- _EXERCISE BRIEF_:
The whole listing is to be restated word for word with no images.

- _INFORMATION PROVIDED_:
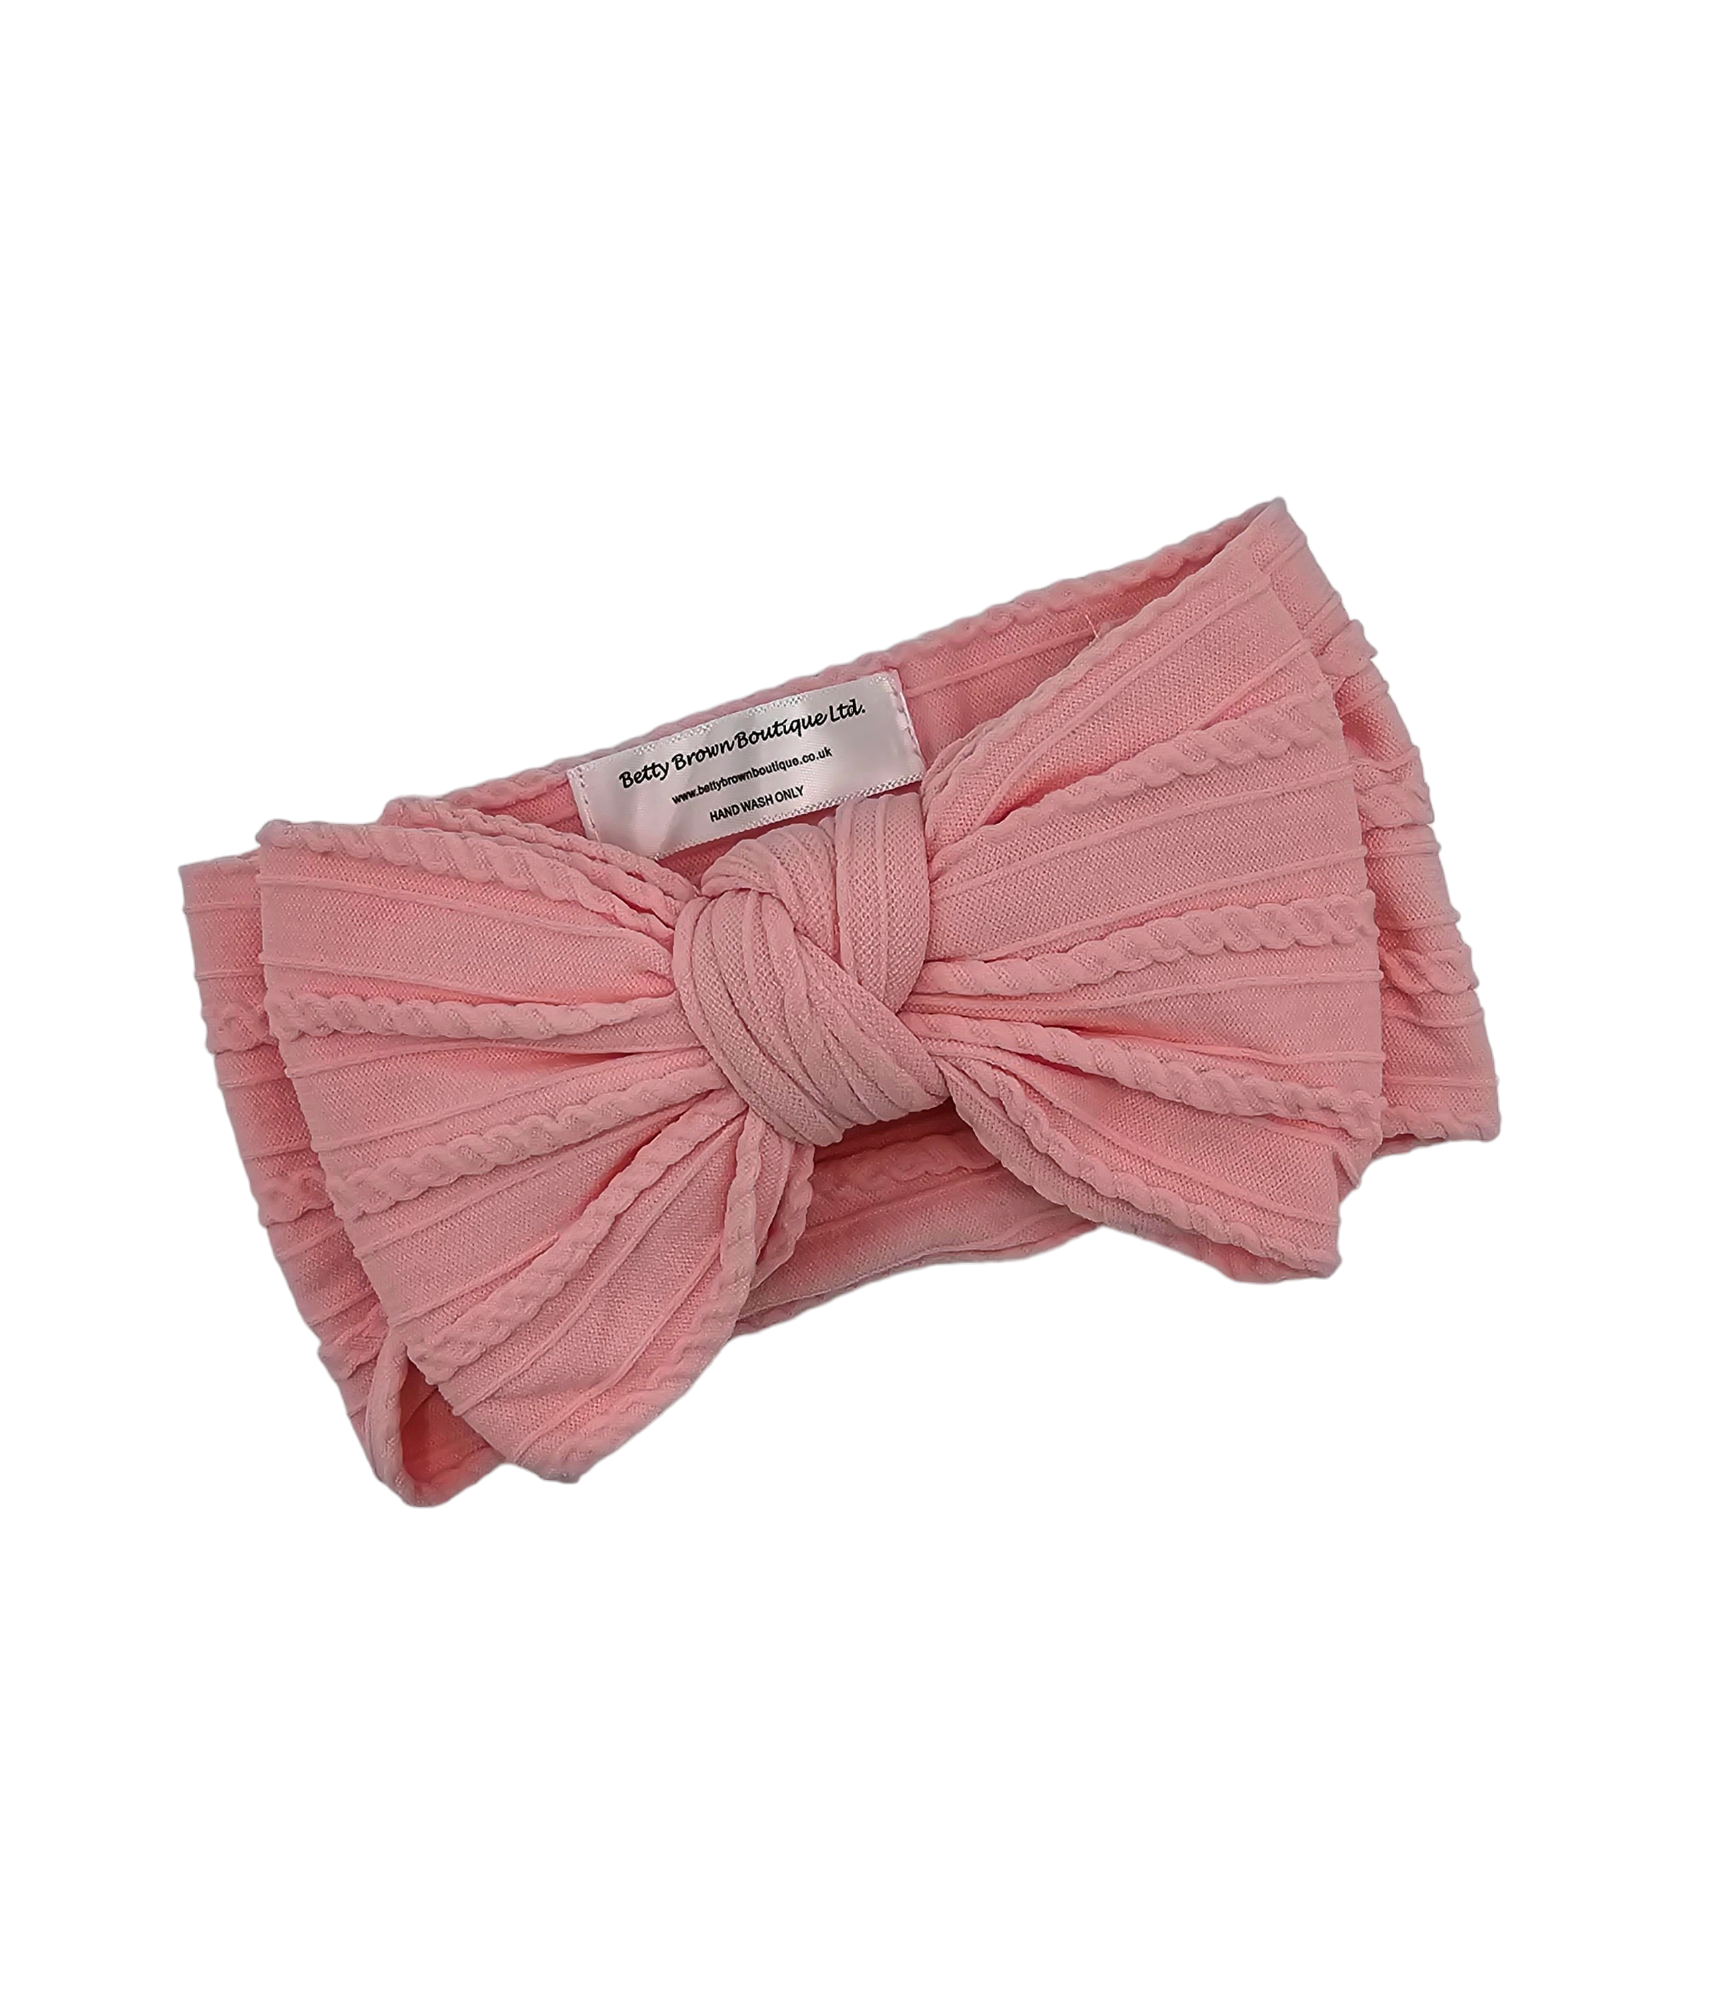 Flamingo Pink Larger Bow Cable Knit Headwrap - Betty Brown Boutique Ltd
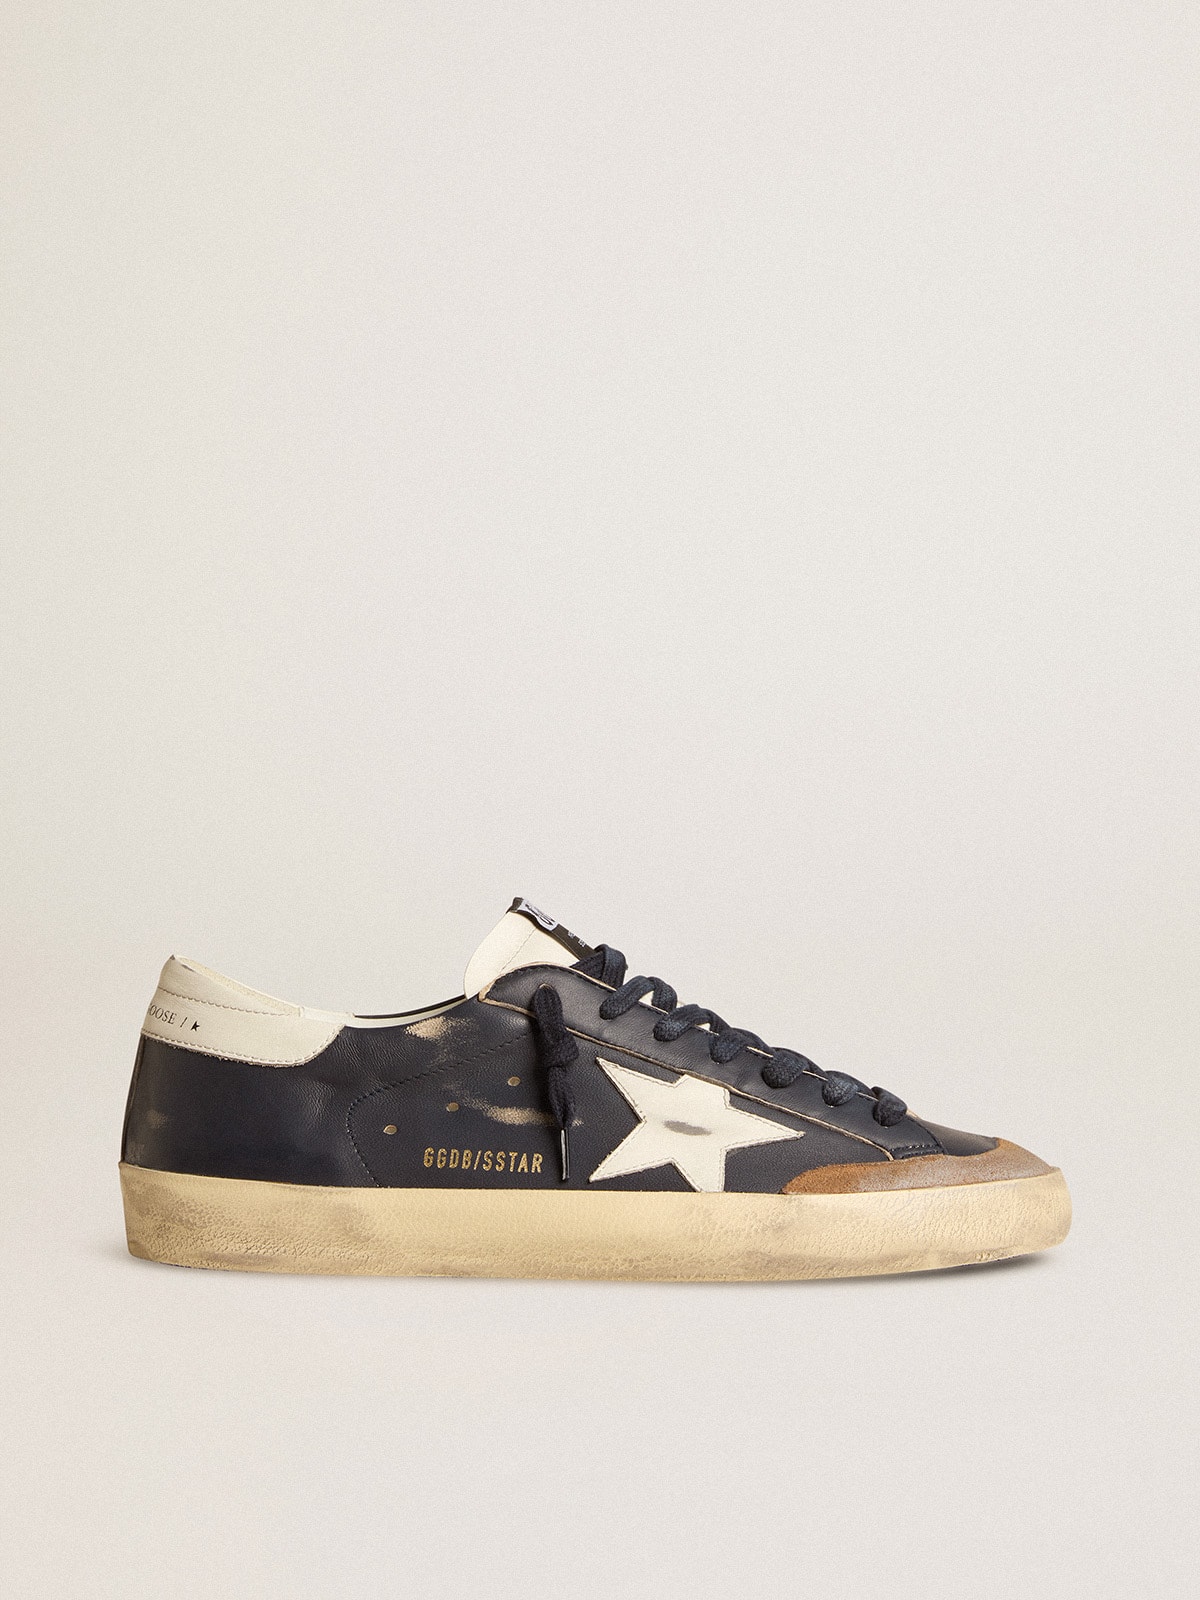 Men's Super-Star in blue nappa leather with white leather star and heel ...
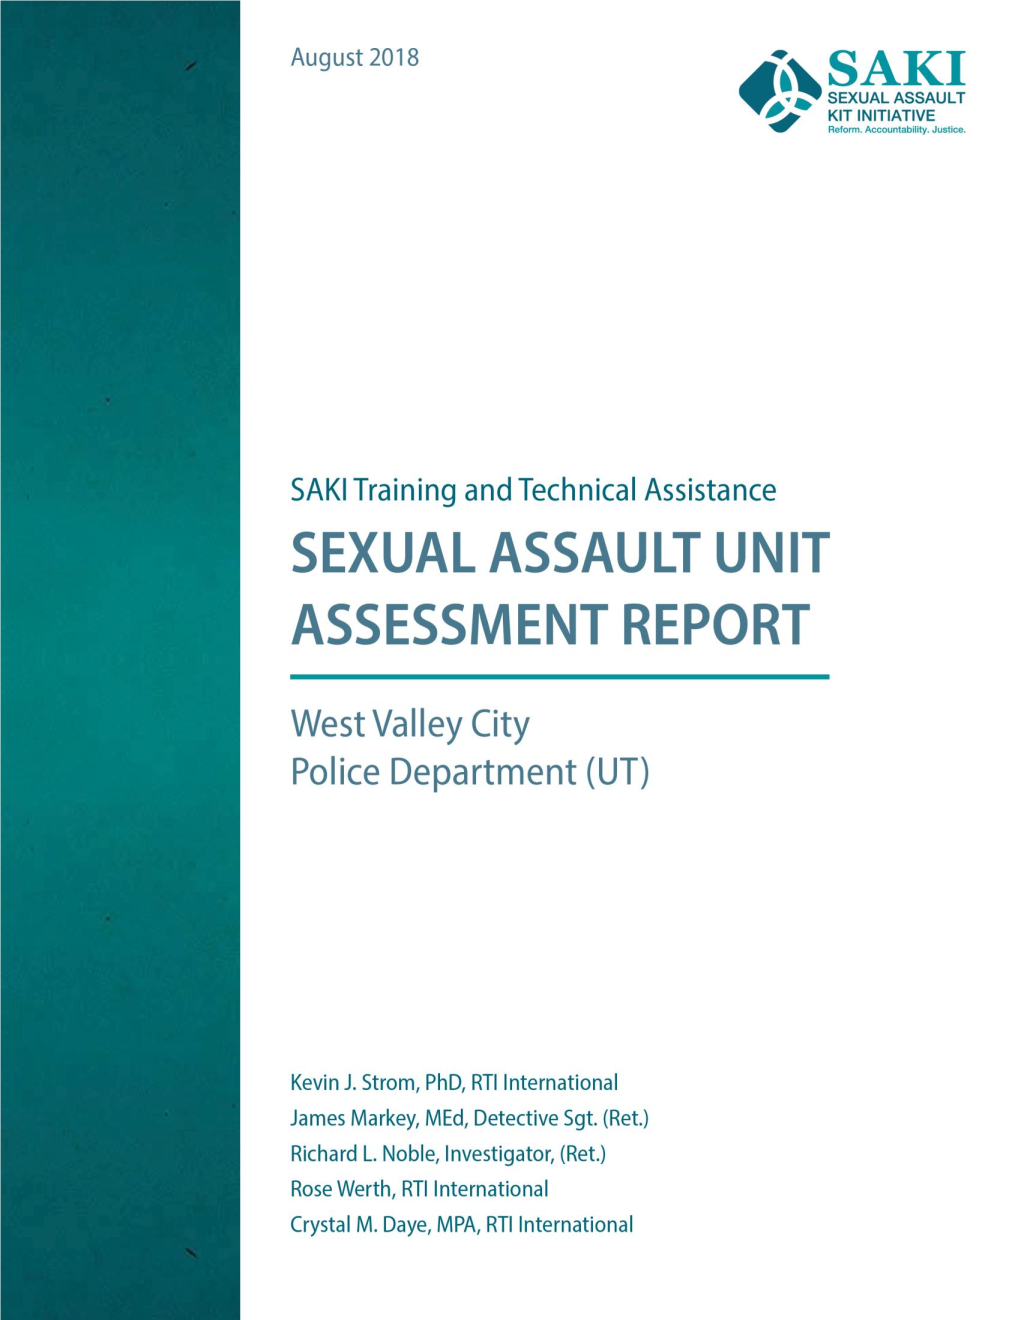 West Valley Police Department SAU Assessment Final Report
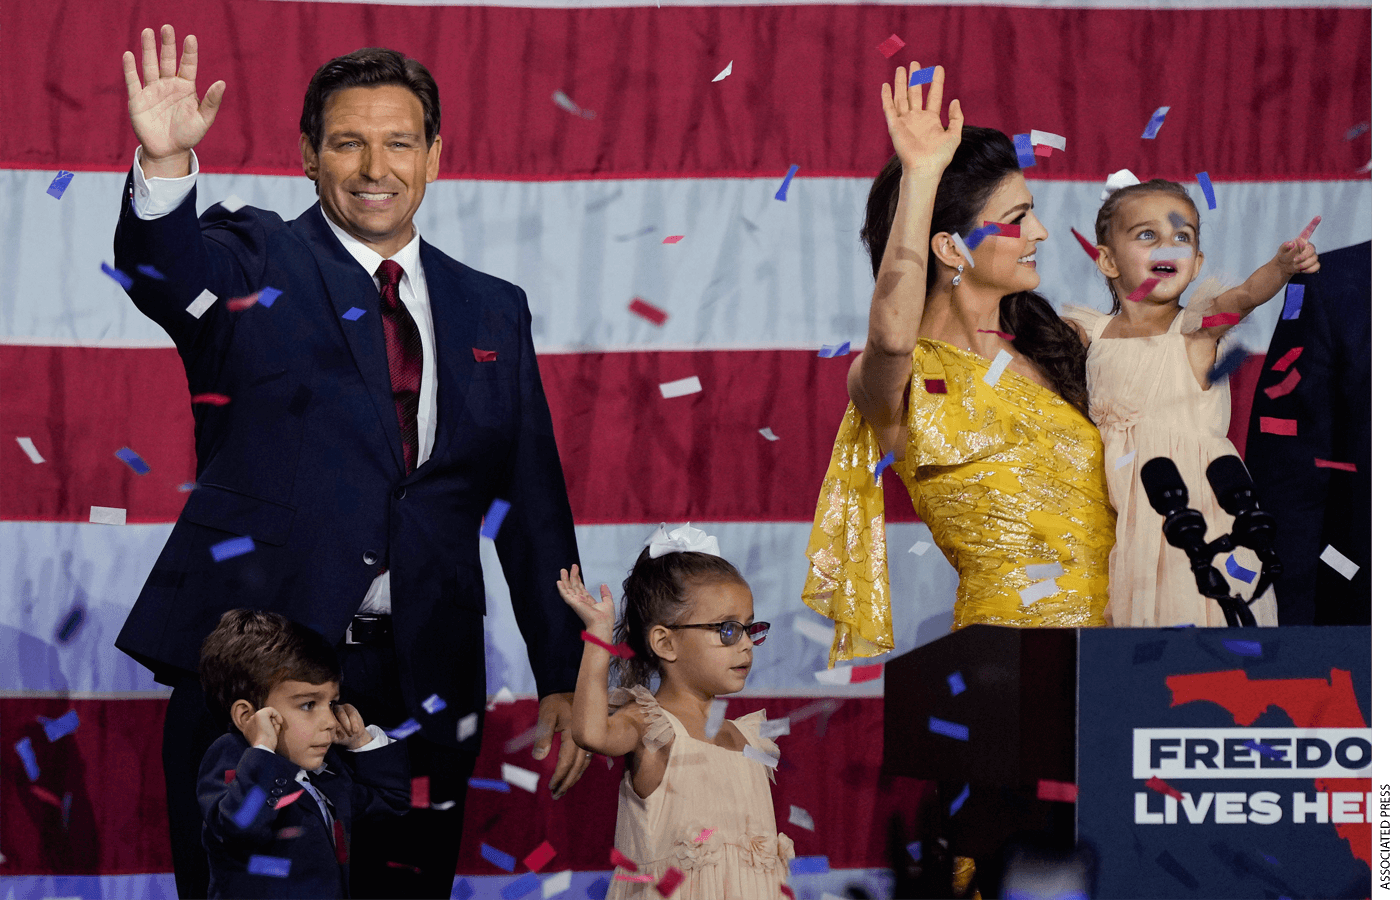 Incumbent Florida Republican Gov. Ron DeSantis, his wife Casey and their children on stage after speaking to supporters at an election night party after winning his race for reelection in Tampa, Fla., Tuesday, Nov. 8, 2022.

- _SOLUTION TO THE EXERCISE_:
 Flamingo Pink Larger Bow Cable Knit Headwrap - Betty Brown Boutique Ltd
 Men's Super-Star in blue nappa leather with white leather star and heel ...
 West Valley Police Department SAU Assessment Final Report
 Incumbent Florida Republican Gov. Ron DeSantis, his wife Casey and their children on stage after speaking to supporters at an election night party after winning his race for reelection in Tampa, Fla., Tuesday, Nov. 8, 2022.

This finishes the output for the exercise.